Lindelof addressed why he decided The Leftovers' upcoming third season was its last.

"It goes to the metrics of our business: how much does the show cost, how many people are watching. It became pretty clear as storytellers, while we really like what we're doing, that this was going to be one of those bubble shows. Instead of writing the show with the attitude of this could be the series finale, let's take control of this thing," said Lindelof. "Which is a way of going, I think you're going to break up with me, but I'm breaking up with you first."

"There's no reason to go on a MASH-level 12-year run unless you can really reinvent the wheel," echoed Scheer.

"That said, I can watch Walking Dead for another 20 years," said Lindelof.

"And AMC will make sure that happens," said Schneider.

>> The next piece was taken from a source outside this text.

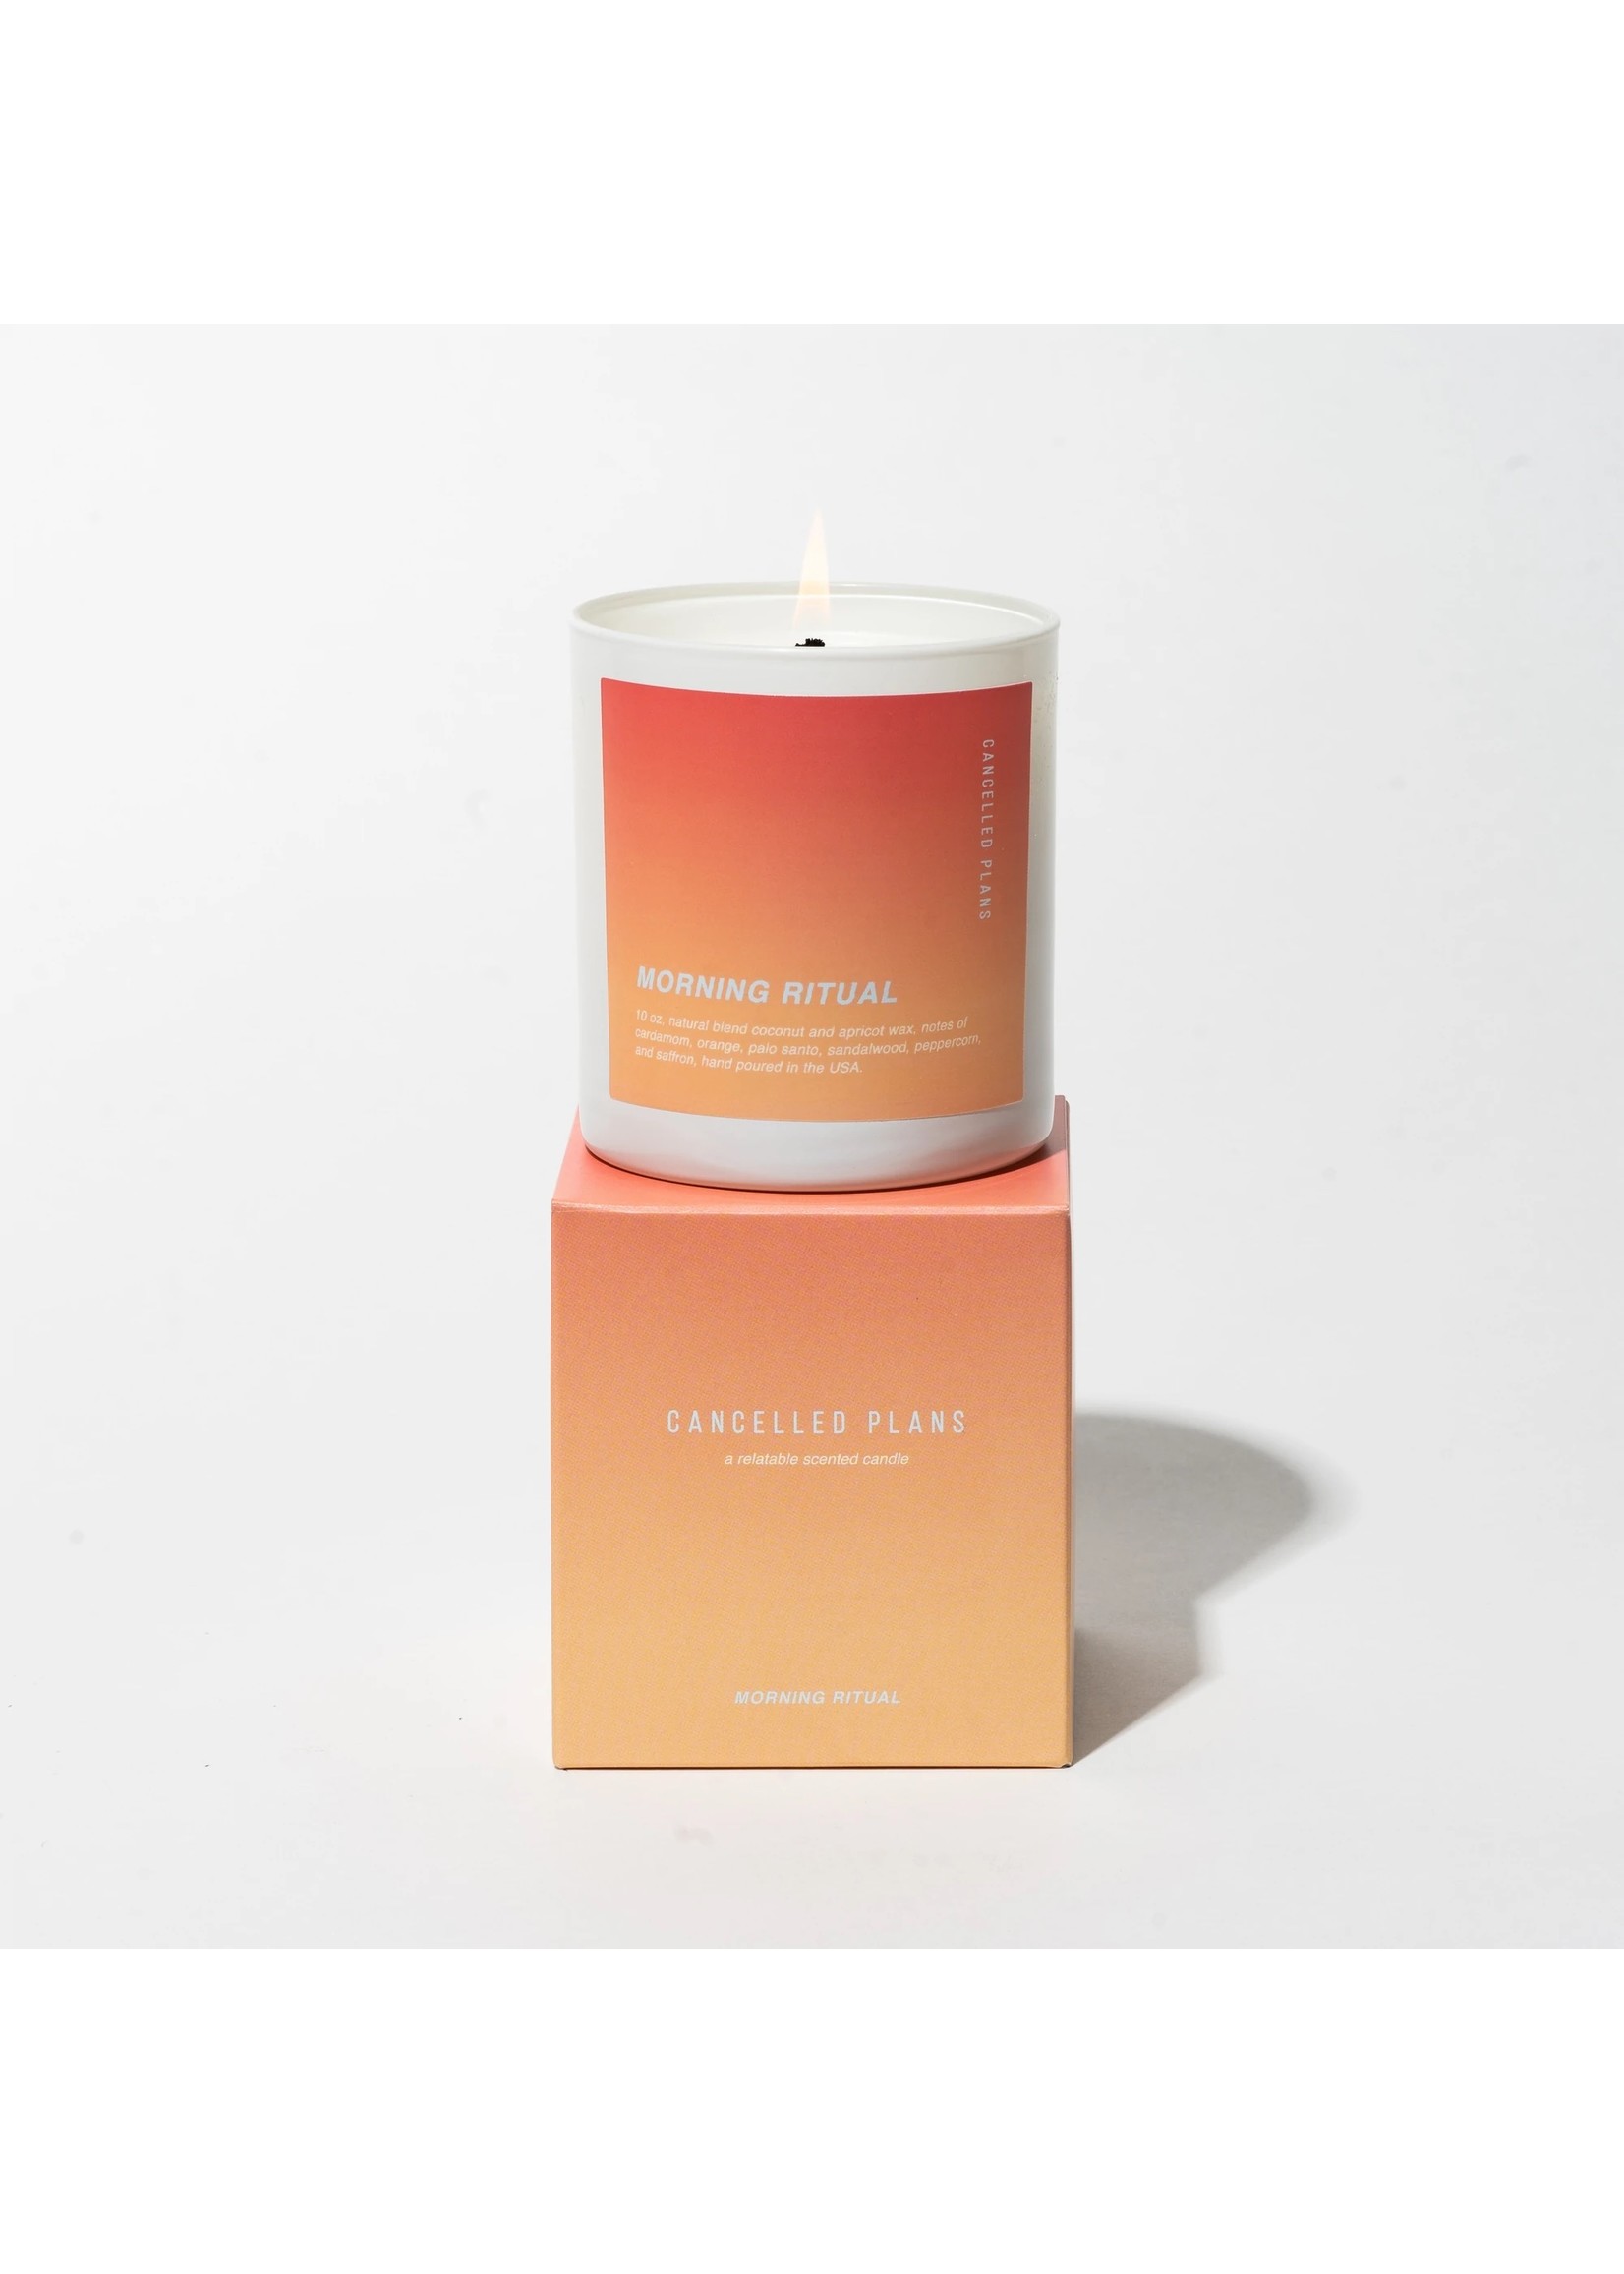 Cancelled Plans Morning Ritual Candle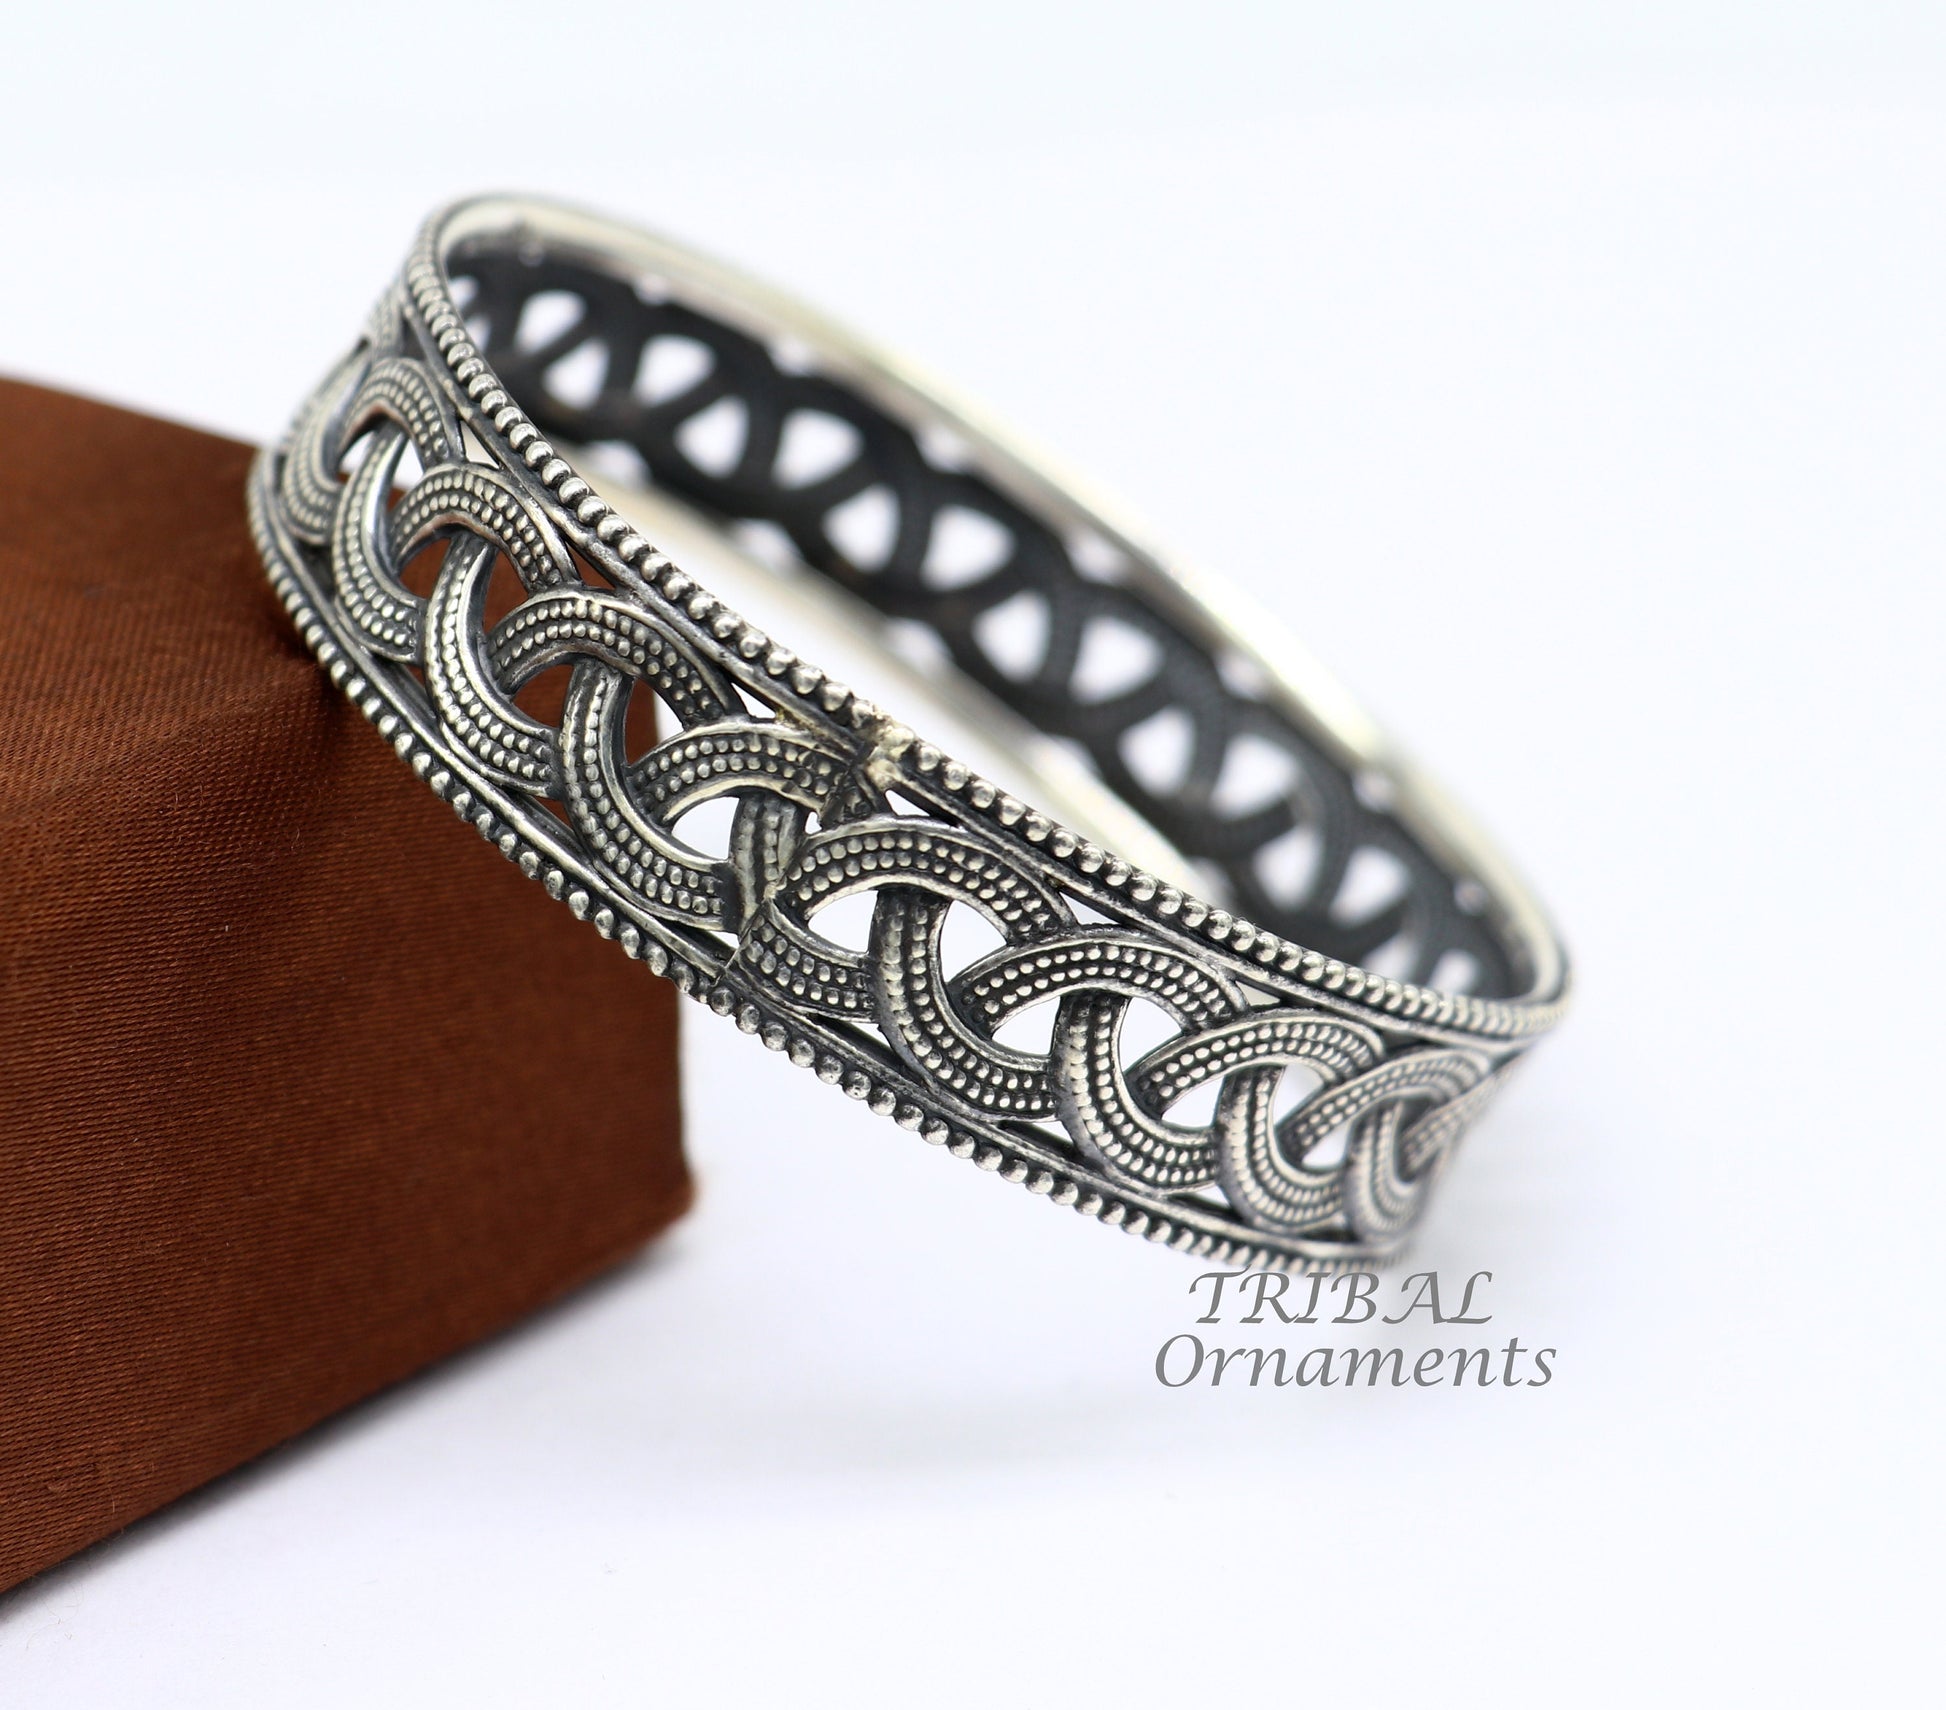 Elegant 925 sterling silver flower design unique style handmade bangle bracelet , best brides collection wedding jewelry from india nba334 - TRIBAL ORNAMENTS

There are many examples of strong, complex, flawed women characters from the shows represented on the panel, and now on TV, which Rosenberg talked about. "For many years, we had these really incredible characters: the Tony Sopranos, the Vic Mackeys, the Walter Whites, who are all white guys," said Rosenberg. "Audiences weren't as ready to have a woman in that role. Shows started breaking ground like Jenji Kohan's Weeds and Linda Wallem's Nurse Jackie. I don't think Jessica Jones exists before those."

"It's great for all the incredibly talented actresses out there to play something other than the noble wife or the sassy cop," said Rosenberg.